# Translation



## tnalavallee

What does the phrase,
"Tudo que voce puder comer",
mean in English?

And what does, "Toda Terca. No Almoco", mean in English?

Thanks,
Tina


----------



## elgringollunya

Tina,

I'm pretty sure that the first phrase means "All you can eat."  The second phrase looks like "Every Wednesday at lunch(time)."  Hope this helps.

-Stephen


----------



## araceli

Hello:
That's correct.
Bye


----------



## tnalavallee

Stephen,
Thanks.  That is very helpful

Tina


----------



## elgringollunya

Glad I was able to help.

-Stephen


----------



## Lems

"Toda Terça. No Almoco"

 Means "All tuesday, at lunchtime".

Hope this helps.

Lems
_______________________________
In a mad world only the mad are sane. 
Akira Kurosawa


----------



## JULIBANANA

I think you may be mistaken here Lems as English people would never say All Tuesday, we would say every tuesday or all tuesdays (although seldom used this way) But as an English teacher i would say that the translation is definitely, every Tuesday, at lunchtimes and not all tuesday.

Espero que ajude obrigada


----------



## Lems

Right, Julia.

Thanks for the correction.
My neurons were too sleepy then...  
Where did you learn Portuguese?

Lems


----------



## Marcio_Osorio

Yeah, Julibanana, where did you learn P? You seem to know a lot of it. Inquiring minds (Lems' and mine, at least) want to know.


----------



## elgringollunya

(embarassed) I should have put a disclaimer at the bottom of my post.  It didn't help much either that someone came after me and "confirmed" my interpretation.  From now on I'll stick to languages I know better. Tina, I apologize for any inconveniences I may have caused you.



			
				Lems said:
			
		

> "Toda Terça. No Almoco"
> 
> Means "All tuesday, at lunchtime".
> 
> Hope this helps.
> 
> Lems
> _______________________________
> In a mad world only the mad are sane.
> Akira Kurosawa


----------



## Marcio_Osorio

elgringollunya, don't feel embarassed. Mistakes happen. You did fine. Keep up the good work!
elgrigollunya, não se sinta embaraçado. Os erros ocorrem. Vc se saiu muito bem. Continue assim!


----------



## araceli

Yessss, there were various of us that made mistakes....   
Errare humanum est...


----------



## Marcio_Osorio

Todos cometemos erros.

Por favor, araceli, como dizemos "Todos nós cometemos erros" em castelhano/espanhol?

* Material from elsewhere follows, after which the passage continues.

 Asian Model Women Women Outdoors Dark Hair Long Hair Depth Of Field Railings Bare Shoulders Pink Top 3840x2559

Depois que eu aprender alemão, tentarei o castelhano/espanhol.

Obrigado. Beijos. Abraços. Mais beijos. Mais abraços.


----------



## JULIBANANA

Marcio_Osorio said:
			
		

> Yeah, Julibanana, where did you learn P? You seem to know a lot of it. Inquiring minds (Lems' and mine, at least) want to know.


 
Aprendo Portugues no Brasil, a coracao do mundo e tenho saudades de la.  Para mim, o portugues e a lingua mais bonita do mundo enteiro.  Mas faz muito tempo que falo ou escrevo portugues entao tem que ter pacienca comigo, certo que vou a fazer errores.



Obrigada para sua interes
Julia


----------



## JULIBANANA

araceli said:
			
		

> Yessss, there were various of us that made mistakes....
> Errare humanum est...


 
There were *many* of us *who* made mistakes.

Or more accurately to display the sense of what you are saying.

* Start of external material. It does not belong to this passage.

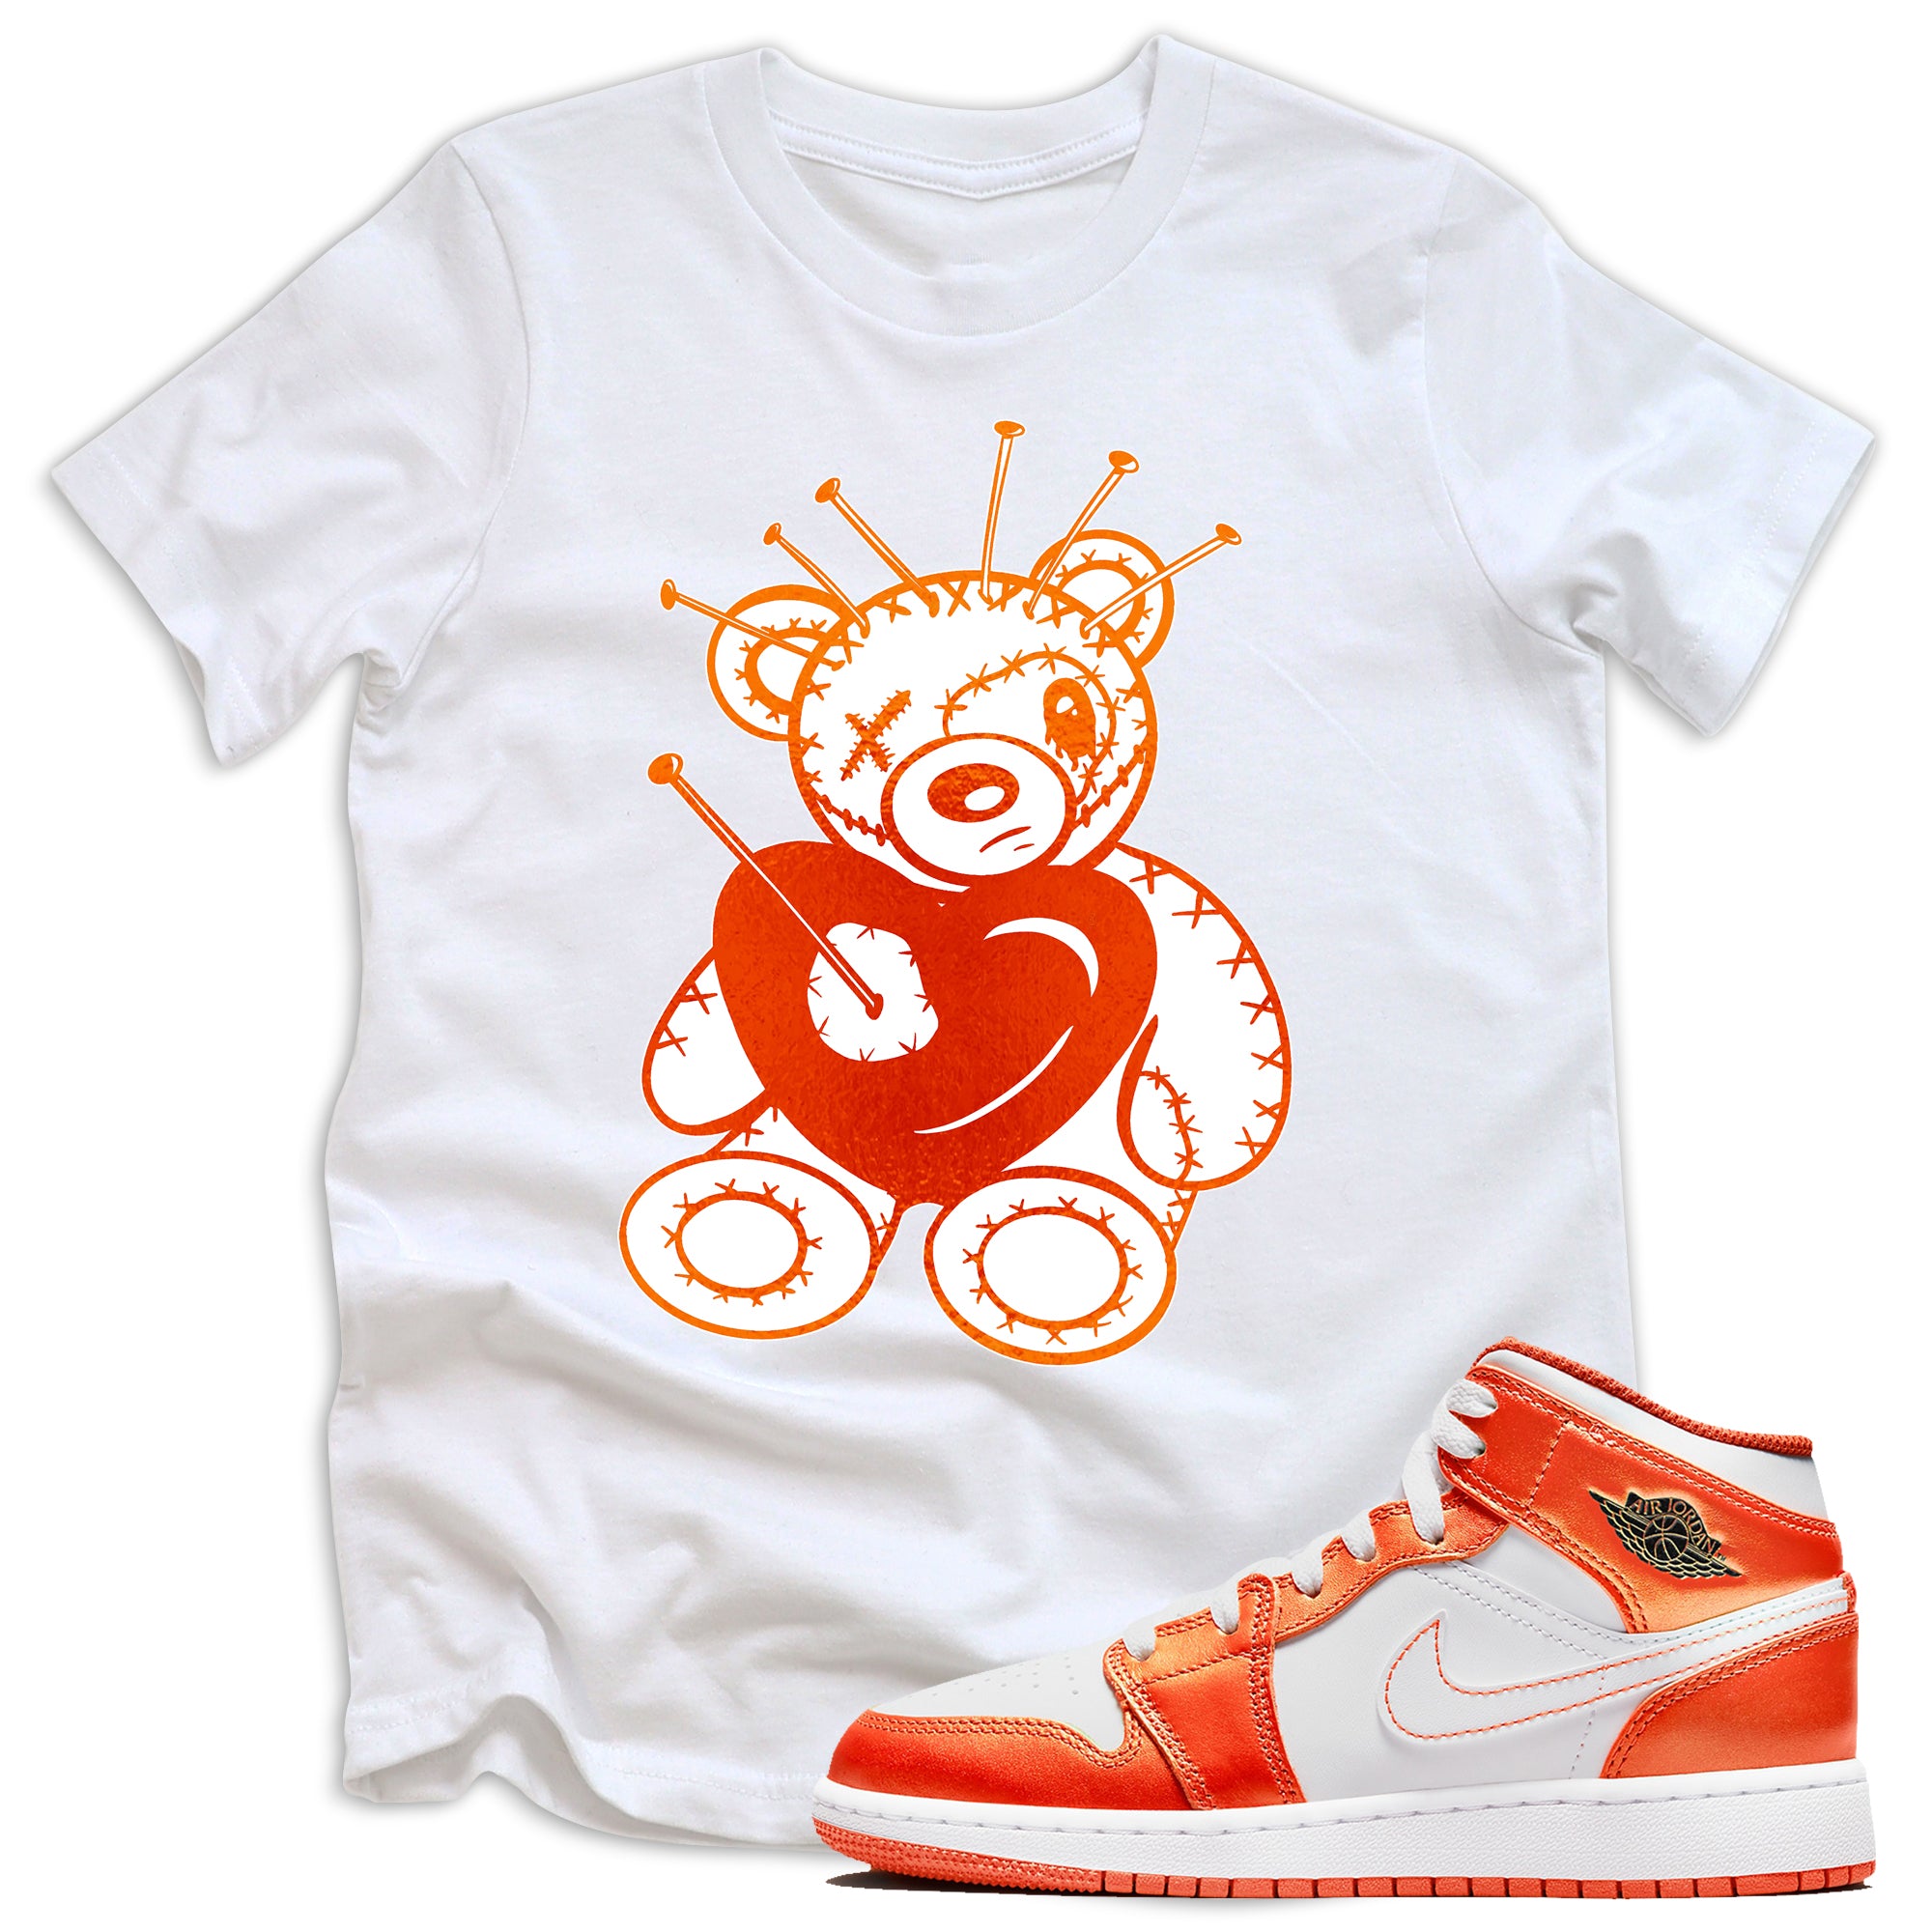 Voodoo Teddy Shirt Jordan 1s Mid Metallic Orange photo

There are many of us who make mistakes.

(As I am sure we will continue making them)

Hope that's not too cheeky, correcting the moderator!!!!


----------



## Outsider

Permita-me fazer umas correcções, cara Julia: 



			
				JULIBANANA said:
			
		

> Aprendo Portugues português no Brasil, a coracao o coração do mundo e tenho saudades de la.  Para mim, o portugues e a lingua mais bonita do mundo enteiro inteiro.  Mas faz muito tempo que falo ou escrevo portugues entao faz muito tempo que falo ou escrevo português. Então,  tem que ter pacienca comigo, certo que de certeza que vou a fazer errores cometer/dar erros.
> 
> Obrigada para sua interes por seu interesse.
> Julia


----------



## JULIBANANA

Outsider said:
			
		

> Permita-me fazer umas correcções, cara Julia:


 

Muita obrigada Outsider.  
Julia


----------



## Outsider

"Muito obrigada". "Muito" é um advérbio neste caso e, como tal, invariável.


----------



## JULIBANANA

Outsider said:
			
		

> "Muito obrigada". "Muito" é um advérbio neste caso e, como tal, invariável.


 
verdade???  

Que interesante.

Julia


----------



## Outsider

É uma palavra com que é preciso ter cuidado, porque em alguns casos é adjectivo (variável), e noutros advérbio (invariável). Neste caso, "muito" serve para modificar "obrigada", que é um adjectivo. Logo, "muito" é advérbio.


----------



## Marcio_Osorio

JULIBANANA said:
			
		

> Aprendo Portugues no Brasil, a coracao do mundo e tenho saudades de la. Para mim, o portugues e a lingua mais bonita do mundo enteiro. Mas faz muito tempo que falo ou escrevo portugues entao tem que ter pacienca comigo, certo que vou a fazer errores.
> 
> Obrigada para sua interes
> Julia


De nada, Julia. Você consegue muito bem dizer o que quer, à hora que quer e em qualquer lugar. Isso importa. _This matters_.

Até.


----------



## JULIBANANA

Vou ter cuidade no futuro, muito obrigada por sua ajuda.


----------